On Mon, Nov 10, 2014 at 03:53:03PM -0800, Linus Torvalds wrote:
> On Mon, Nov 10, 2014 at 2:50 PM, Jerome Glisse <j.glisse@xxxxxxxxx> wrote:
> >
> > I wish i could but GPU or IOMMU do have different page table and page directory
> > entry format. Some fields only make sense on GPU. Even if you look at Intel or
> > AMD IOMMU they use different format. The intention of my patch is to provide
> > common infrastructure code share page table management for different hw each
> > having different entry format.
> 
> So I am fine with that, it's the details that confuse me. The thing
> doesn't seem to be generic enough to be used for arbitrary page
> tables, with (for example) the shifts fixed by the VM page size and
> the size of the pte entry type. Also, the levels seem to be very
> infexible, with the page table entries being the simple case, but then
> you have that "pdep" thing that seems to be just _one_ level of page
> directory.
> 
> The thing is, some of those fields are just *crazy*. For example, just
> look at these:
> 
> +       uint64_t                pd_shift;
> +       uint64_t                pde_shift;
> +       uint64_t                pgd_shift;
> 
> and making a shift value be 64-bit is *insane*. It makes no sense. The
> way you use them, you take a value and shift by that, but that means
> that the shift value cannot *possibly* be bigger than the size (in
> bits) of the shift value.
> 
> In other words, those shifts are in the range 0..63. You can hold that
> in 6 bits. Using a single "unsigned char" would already have two
> extraneous bits.
> 
> Yet you don't save them in a byte. You save them in a "uint64_t" that
> can hold values between 0..18446744073709551615. Doesn't that seem
> strange and crazy to you?
> 

I was being lazy and wanted to avoid a u64 cast in most operation using
those value but yes you right a byte (6bit) is more than enough for all
those values.

I should add that :
(1 << pd_shift) is the number of directory entry inside a page (512 for
64bit entry with 4k page or 1024 for 32bit with 4k page).

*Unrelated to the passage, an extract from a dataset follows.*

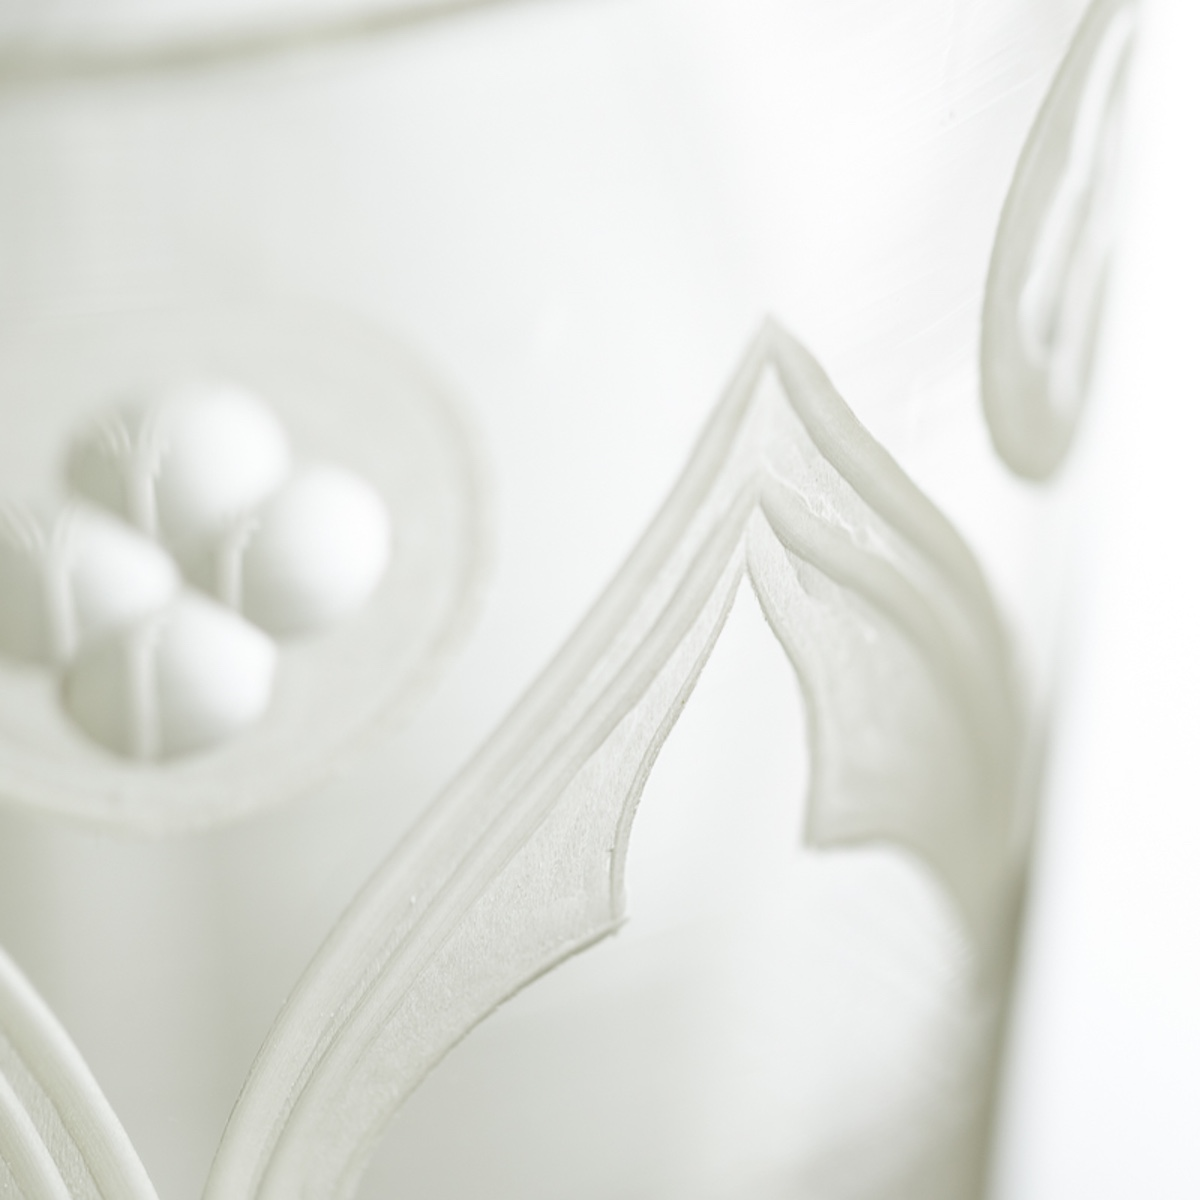 Palazzo-Ducaale-murano-glass-detail

pde_shift correspond to PAGE_SHIFT for directory entry

address >> pgd_shift gives the index inside the global page directory
ie top level directory. This is done because on 64bit arch running a
32bit app we want to only have 3 level while 64bit app would require
4levels.

> And then you have these *insane* levels. That's what makes me think
> it's not actually really generic enough to describe a real page table,
> _or_ it is overkill for describing them. You have that pde_from_pdp()
> function to ostensibly allow arbitrary page directory formats, but you
> don't actually give it an address, so that function cannot be used to
> actually walk the upper levels at all. Instead you have those three
> shift values (and one mask value) that presumably describe the depths
> of the different levels of the page tables.
> 
> And no, it's not some really clever "you describe different levels
> separately, and they have a link to each other", because there's no
> longer from one level to the next in the "struct gpt" either.
> 
> So it seems to be this really odd mixture of trying to be generic, but
> at the same time there are all those odd details that are very
> specific to one very particular two-level page table layout.
> 

It is intended to accomodate either 3 or 4 level page table depending on
runtime. The whole mask, shift value and back link is to allow easy
iteration from one address by being able to jump back to upper level
from the lowest level.

> > It is like to page size because page size on arch we care about is 4k
> > and GPU page table for all hw i care about is also using the magic 4k
> > value. This might very well be false on some future hw and it would then
> > need to be untie from the VM page size.
> 
> Ok, so fixing the page size at PAGE_SIZE might be reasonable. I wonder
> how that actually works on other architectures that don't have a 4kB
> page size, but it's possible that the answer is "this only works for
> hardware that has the same page size as the CPU". Which might be a
> reasonable assumption.
> 
> The actual layout is still very odd. And the whole "locked" array I
> can't make heads or tails of. It is fixed as "PAGE_SIZE bits" (using
> some pretty odd arithmetic, but that's what it comes out to, but at
> the same time it seems to not be about the last-level page size, but
> about some upper-level thing. And that big array is allocated on the
> stack, etc etc. Not to mention the whole "it's not even a real lock"
> issue, apparently.
> 
> This just doesn't make any *sense*. Why is that array PAGE_SIZE bits
> (ie 4k bits, 512 bytes on x86) in size? Where does that 4k bits come
> from? THAT is not really the page-size, and the upper entries don't
> even have PAGE_SIZE number of entries anyway.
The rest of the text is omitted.